_Data to use_
☆ ☆ ☆ ☆ ☆ ☆ ☆

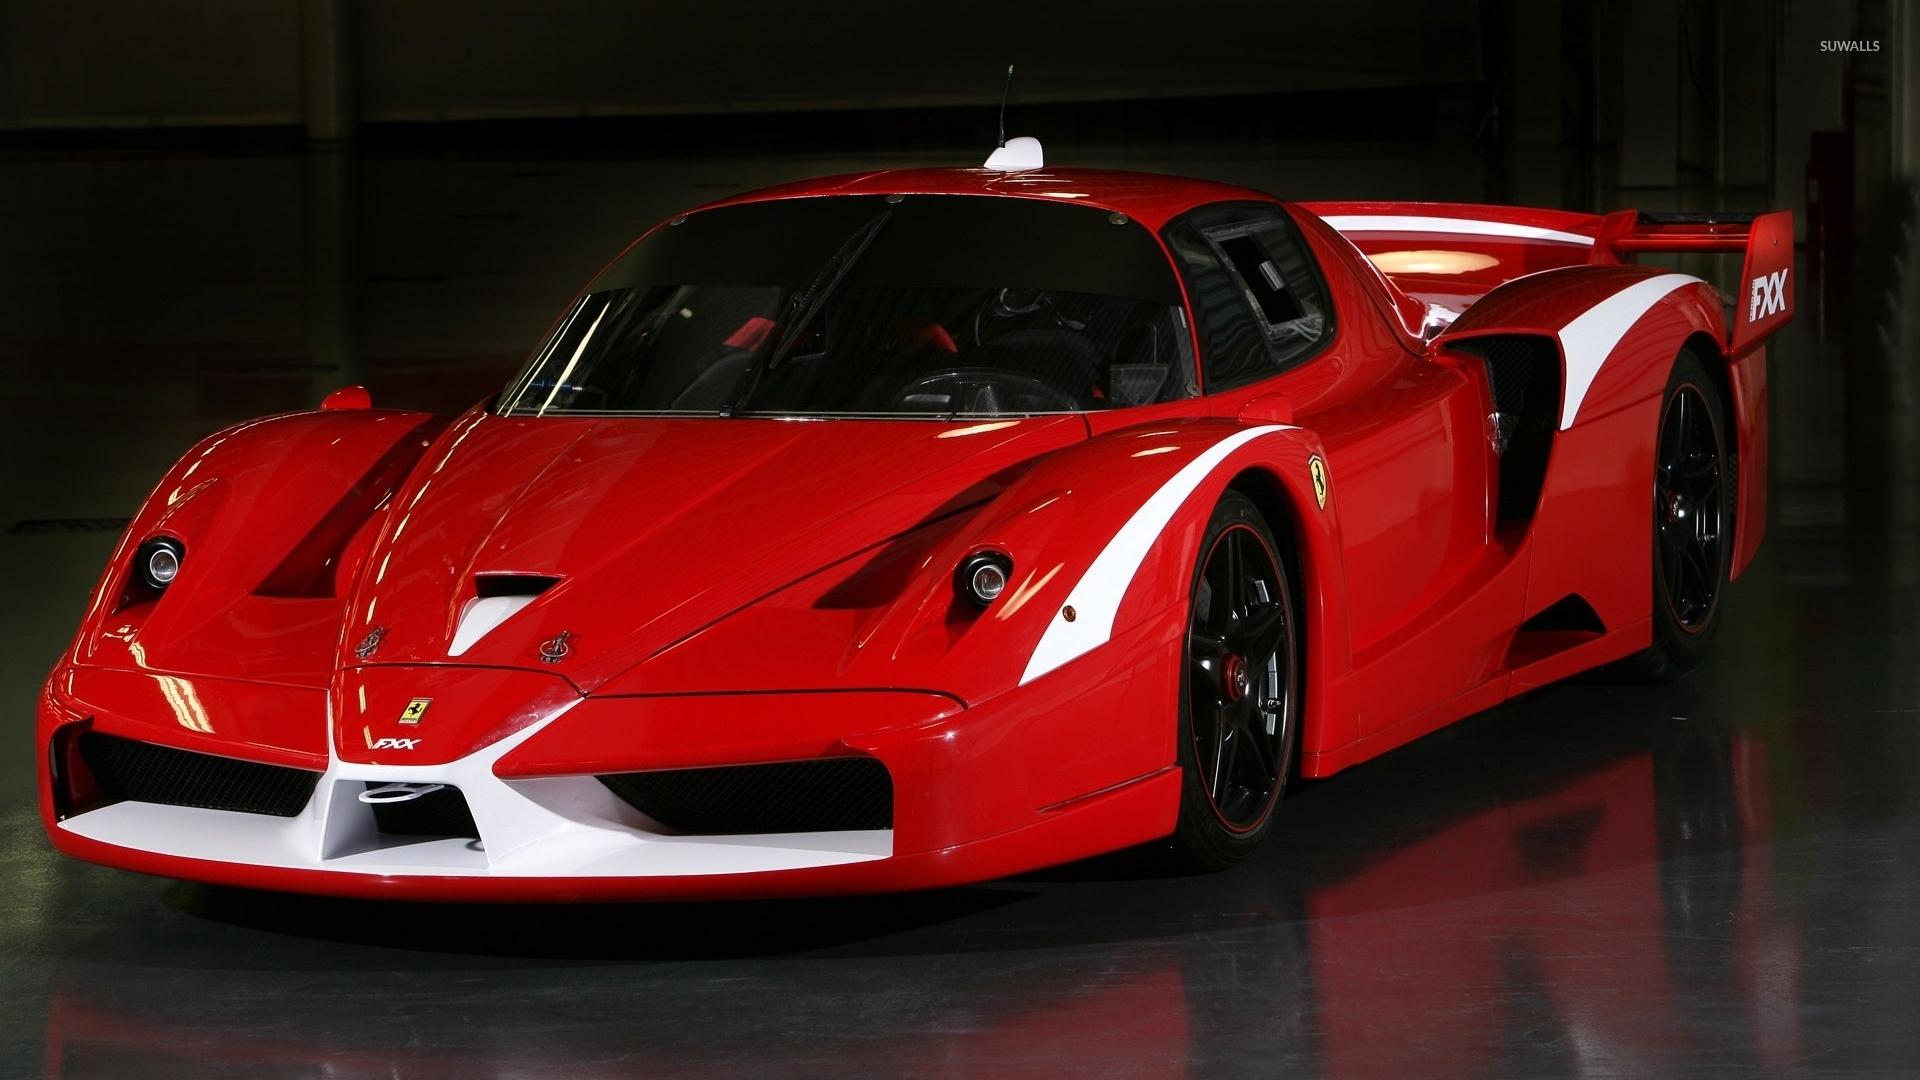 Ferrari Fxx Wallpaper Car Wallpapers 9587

☆ ☆ ☆ ☆ ☆ ☆ ☆

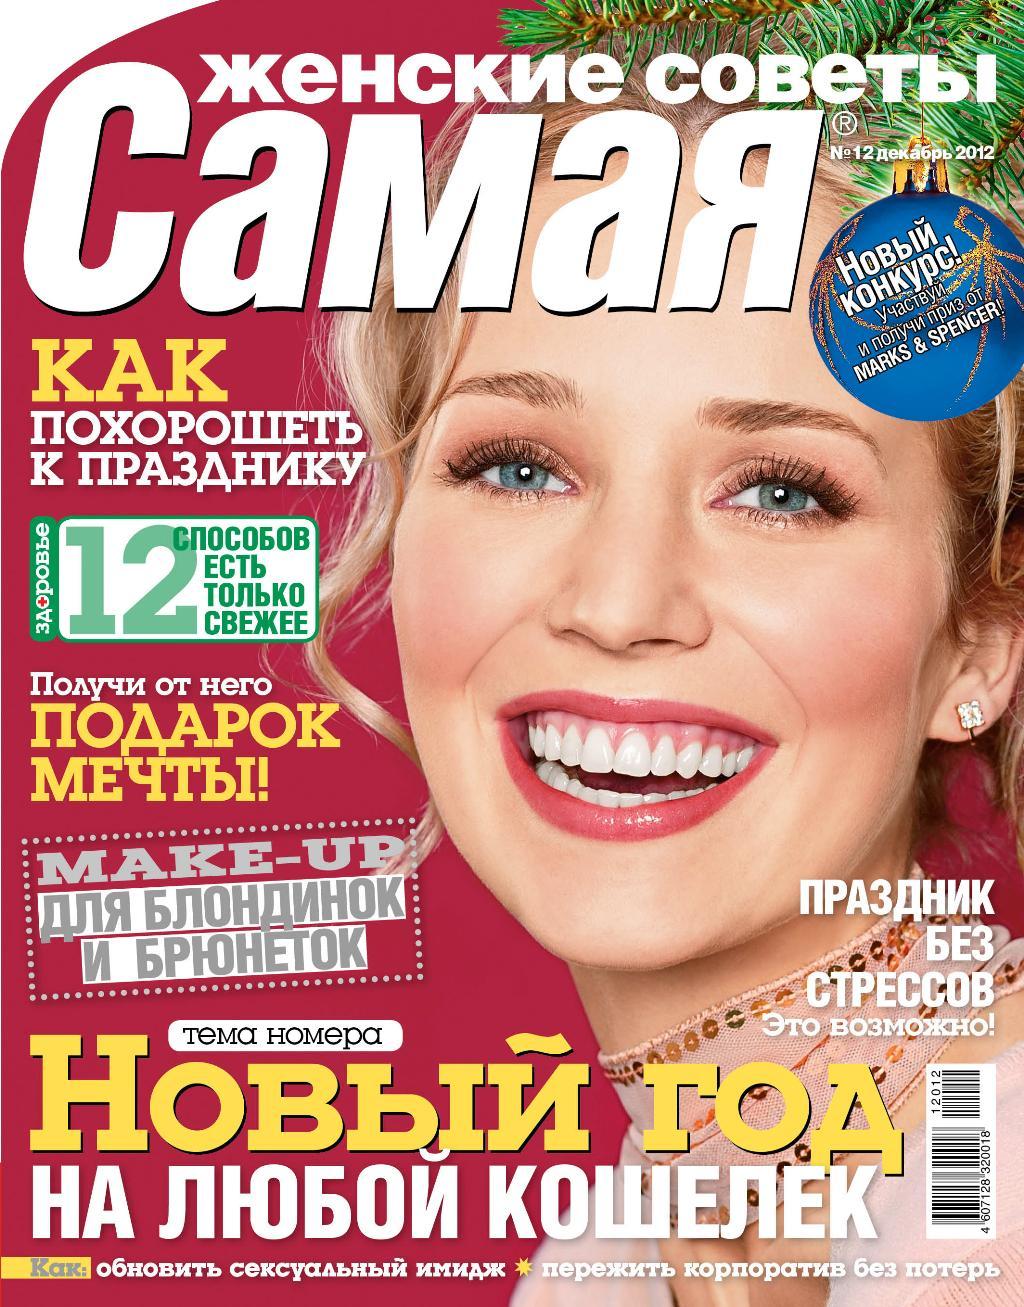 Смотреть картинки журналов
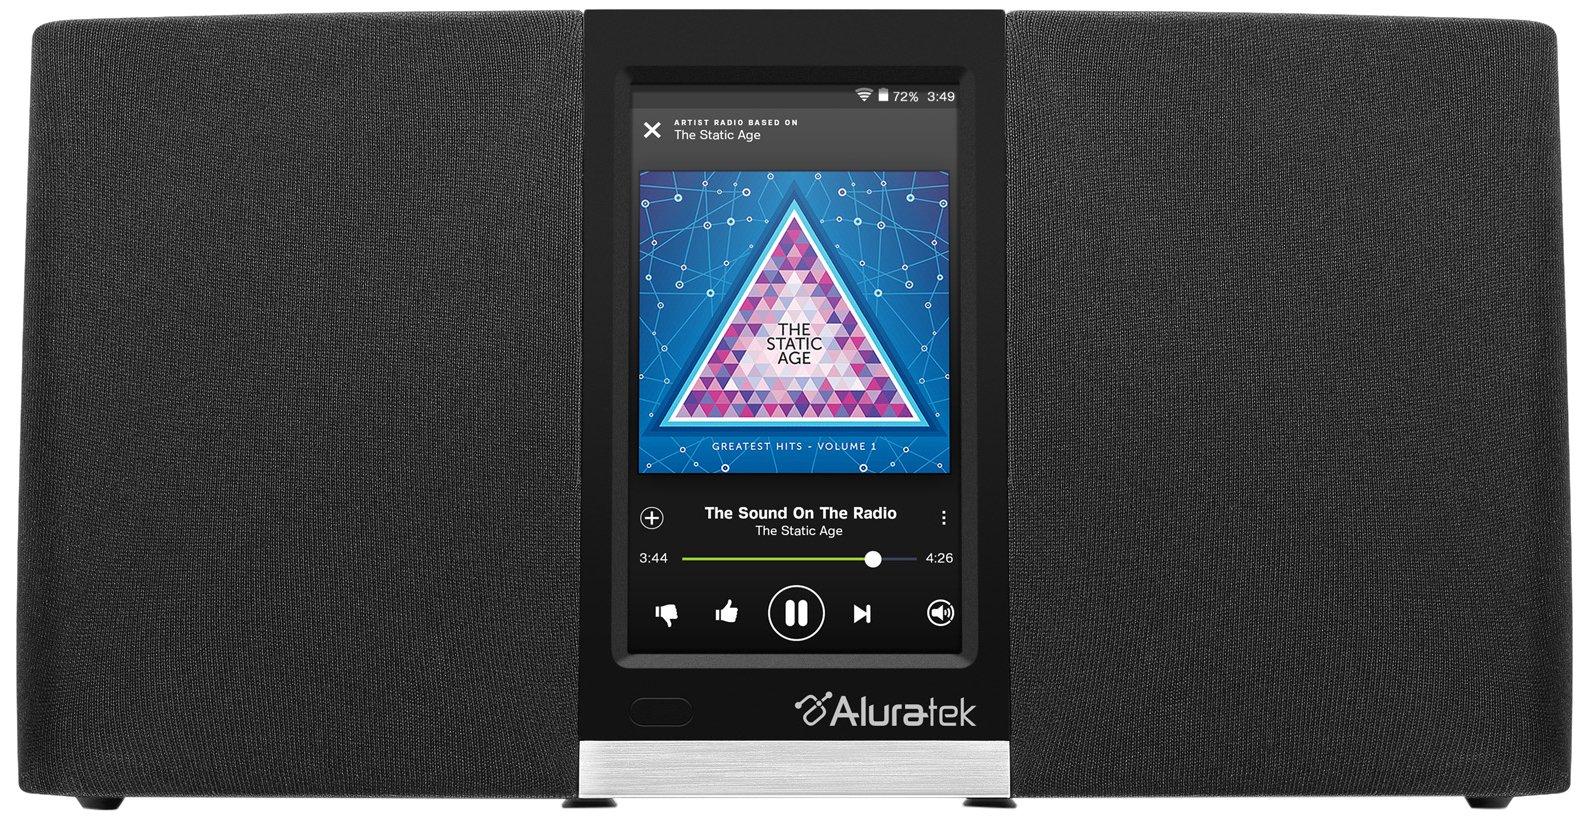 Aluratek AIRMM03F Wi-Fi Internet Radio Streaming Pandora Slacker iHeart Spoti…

☆ ☆ ☆ ☆ ☆ ☆ ☆

_Exercise requirements_
Using the entries above, write out exactly the lines from the one with "Смотреть картинки журналов" through the one with "Aluratek AIRMM03F Wi-Fi", ends included. Leave out any pictures.

_Task result_
 Смотреть картинки журналов
 Aluratek AIRMM03F Wi-Fi Internet Radio Streaming Pandora Slacker iHeart Spoti…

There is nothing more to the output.